What is being asked: Could you give the data that follows again exactly, without its pictures?

Exercise data:

● ● ● ●

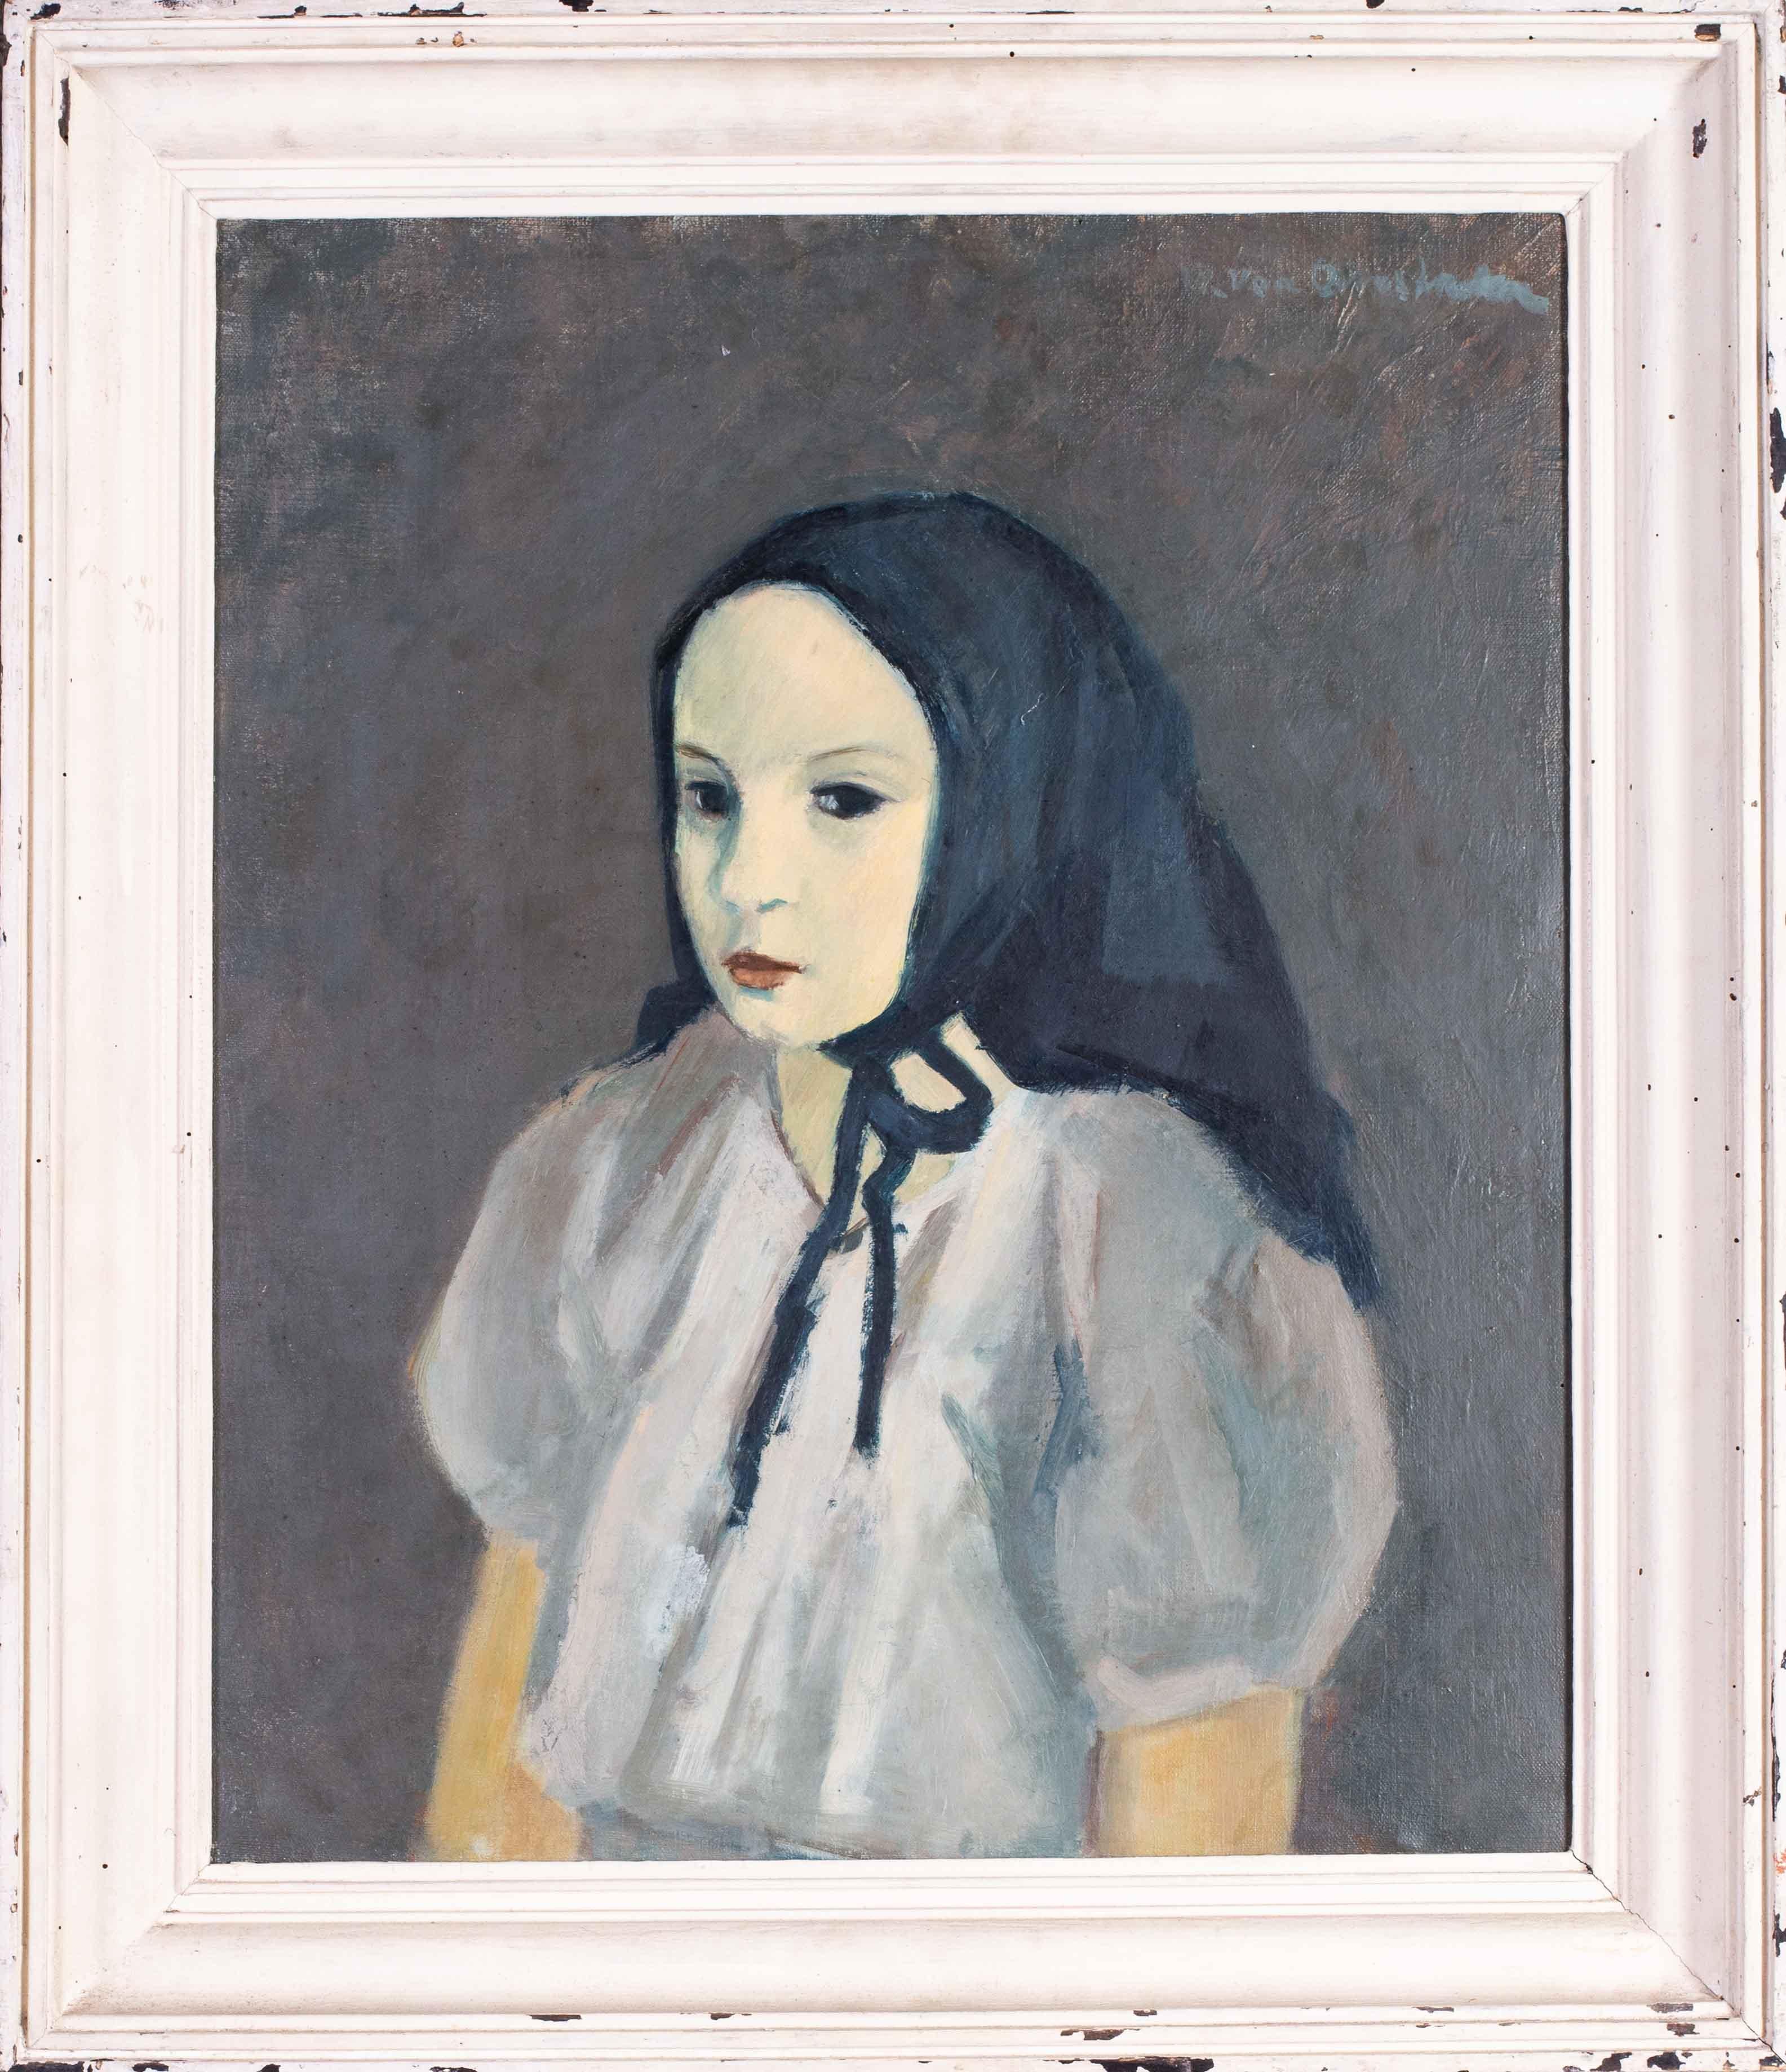 Postimpressionistisches Porträt von Anne Marie des belgischen Künstlers Van Overstraeten
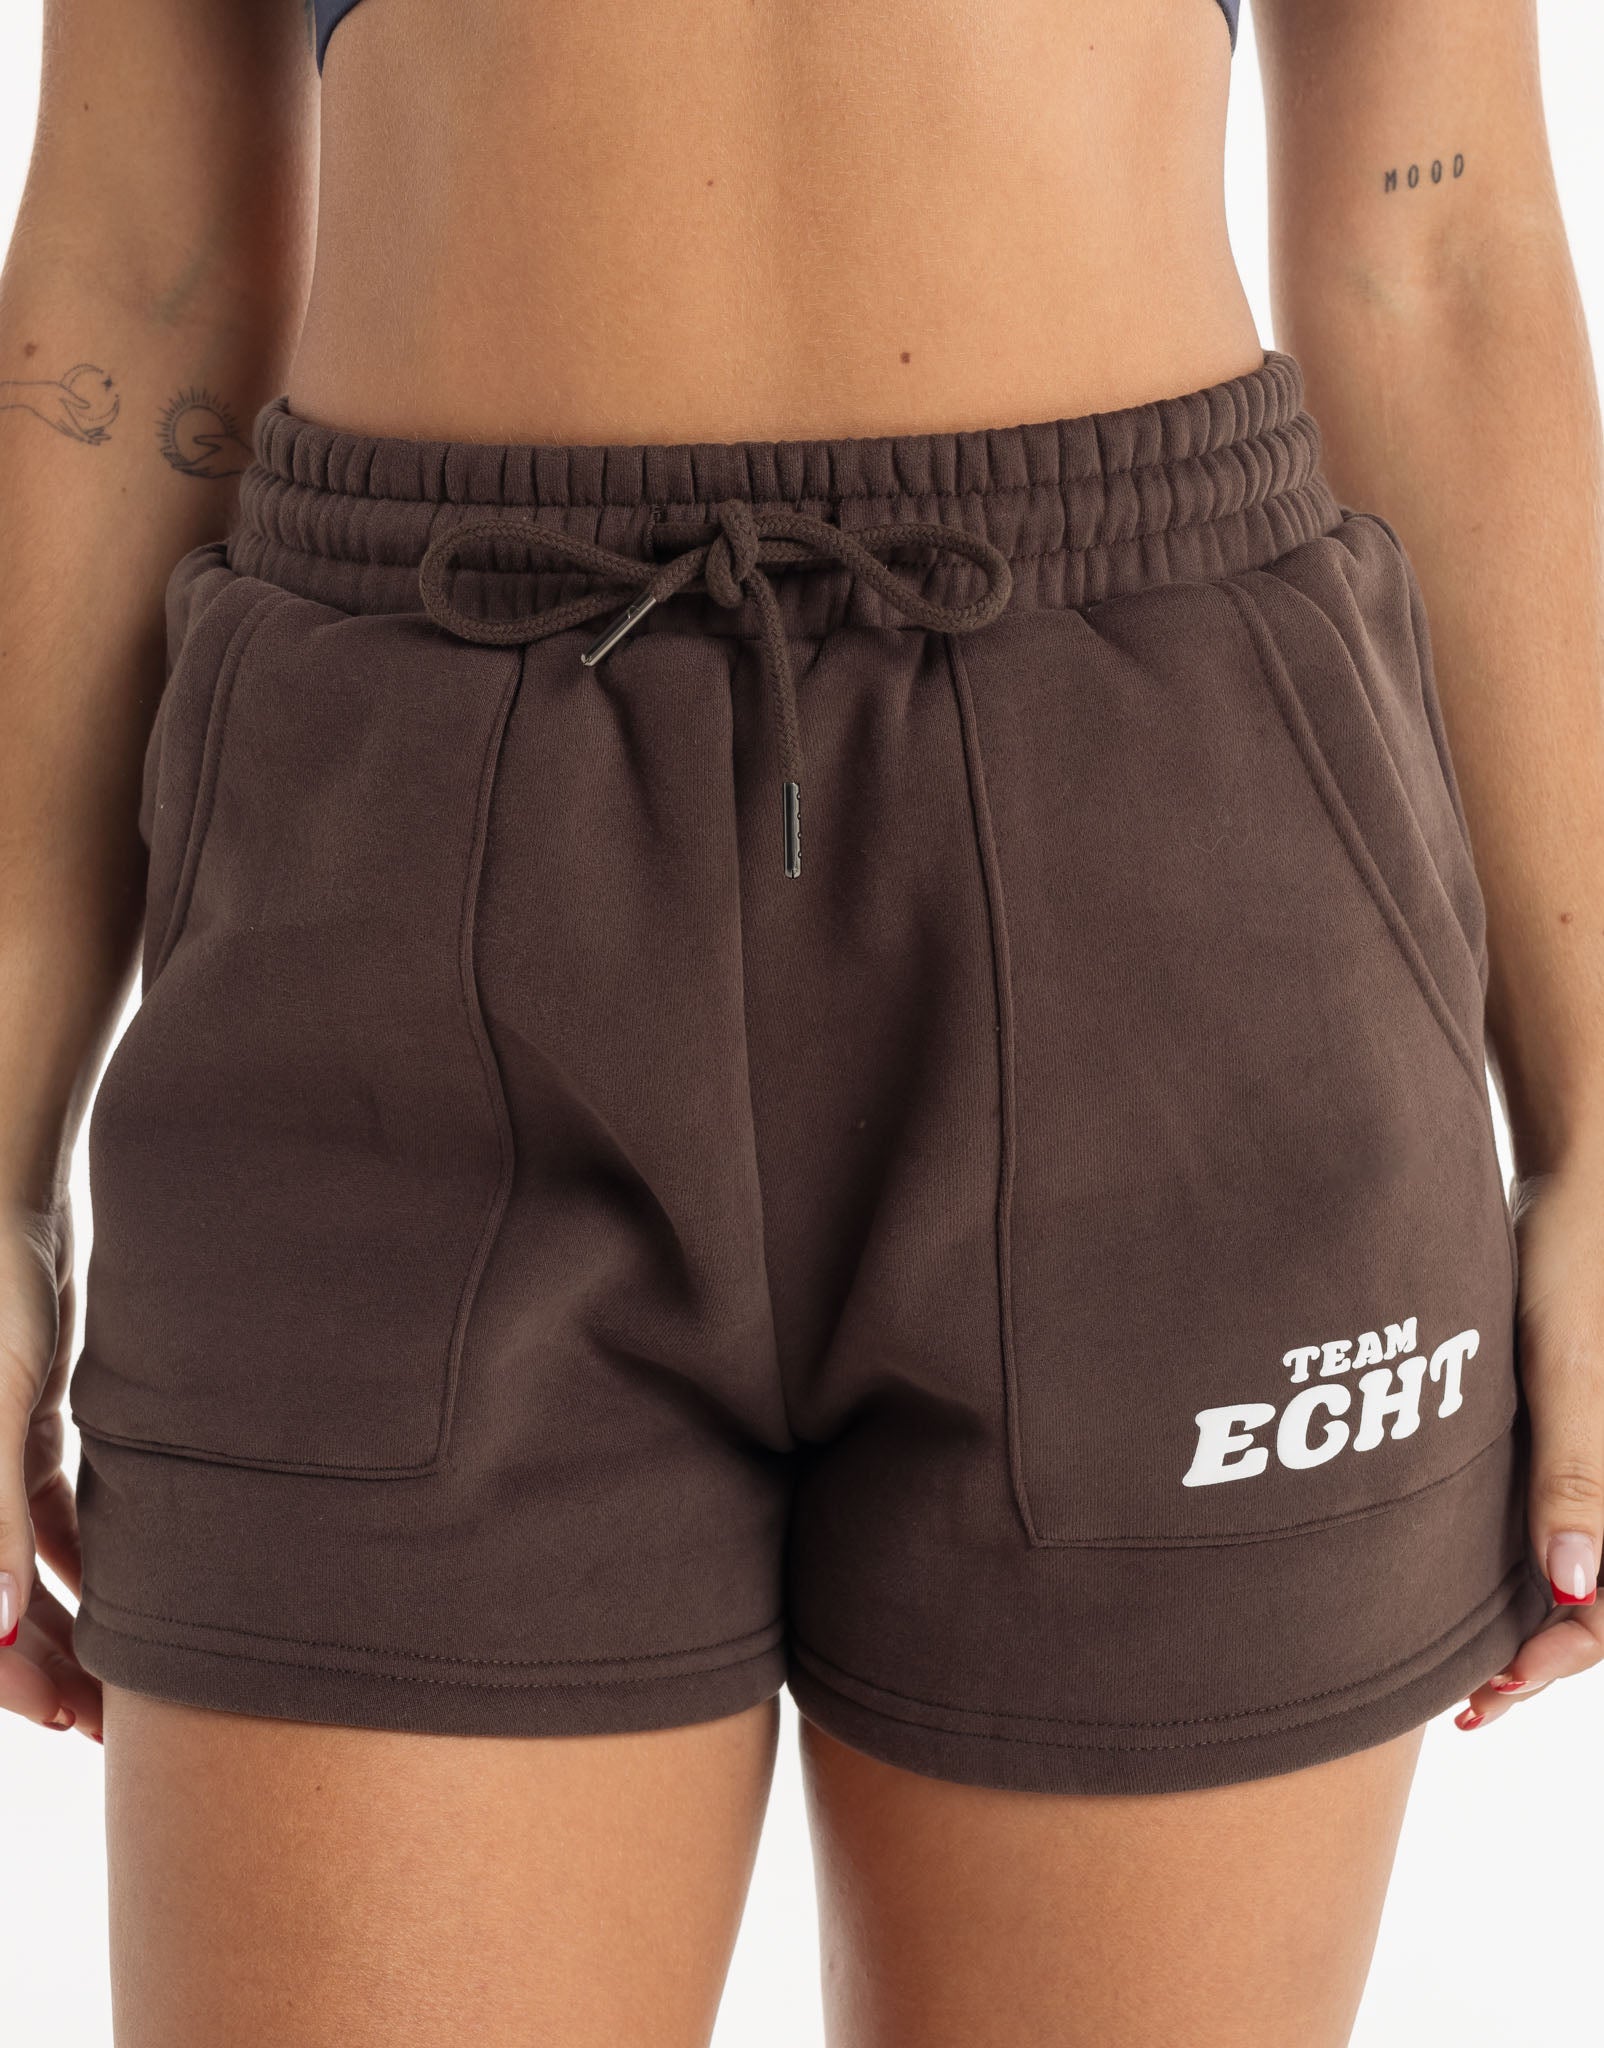 Team Echt Shorts - Fudge Brown
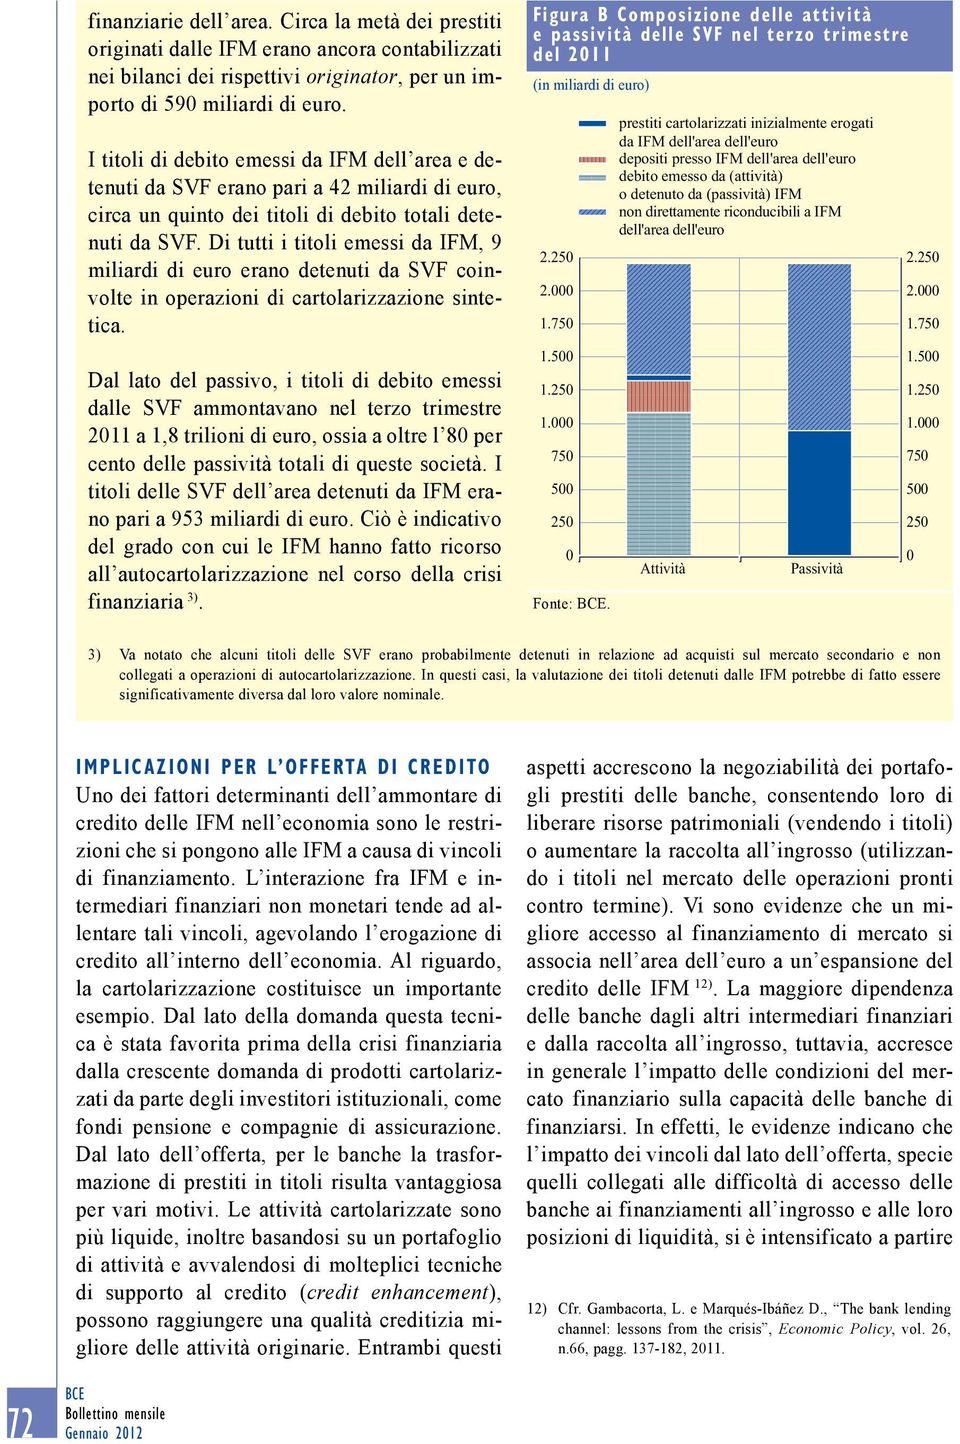 Di tutti i titoli emessi da IFM, 9 miliardi di euro erano detenuti da SVF coinvolte in operazioni di cartolarizzazione sintetica.

● ● ● ●

Answer area:
 Postimpressionistisches Porträt von Anne Marie des belgischen Künstlers Van Overstraeten
 Team Echt Shorts - Fudge Brown
 Di tutti i titoli emessi da IFM, 9 miliardi di euro erano detenuti da SVF coinvolte in operazioni di cartolarizzazione sintetica.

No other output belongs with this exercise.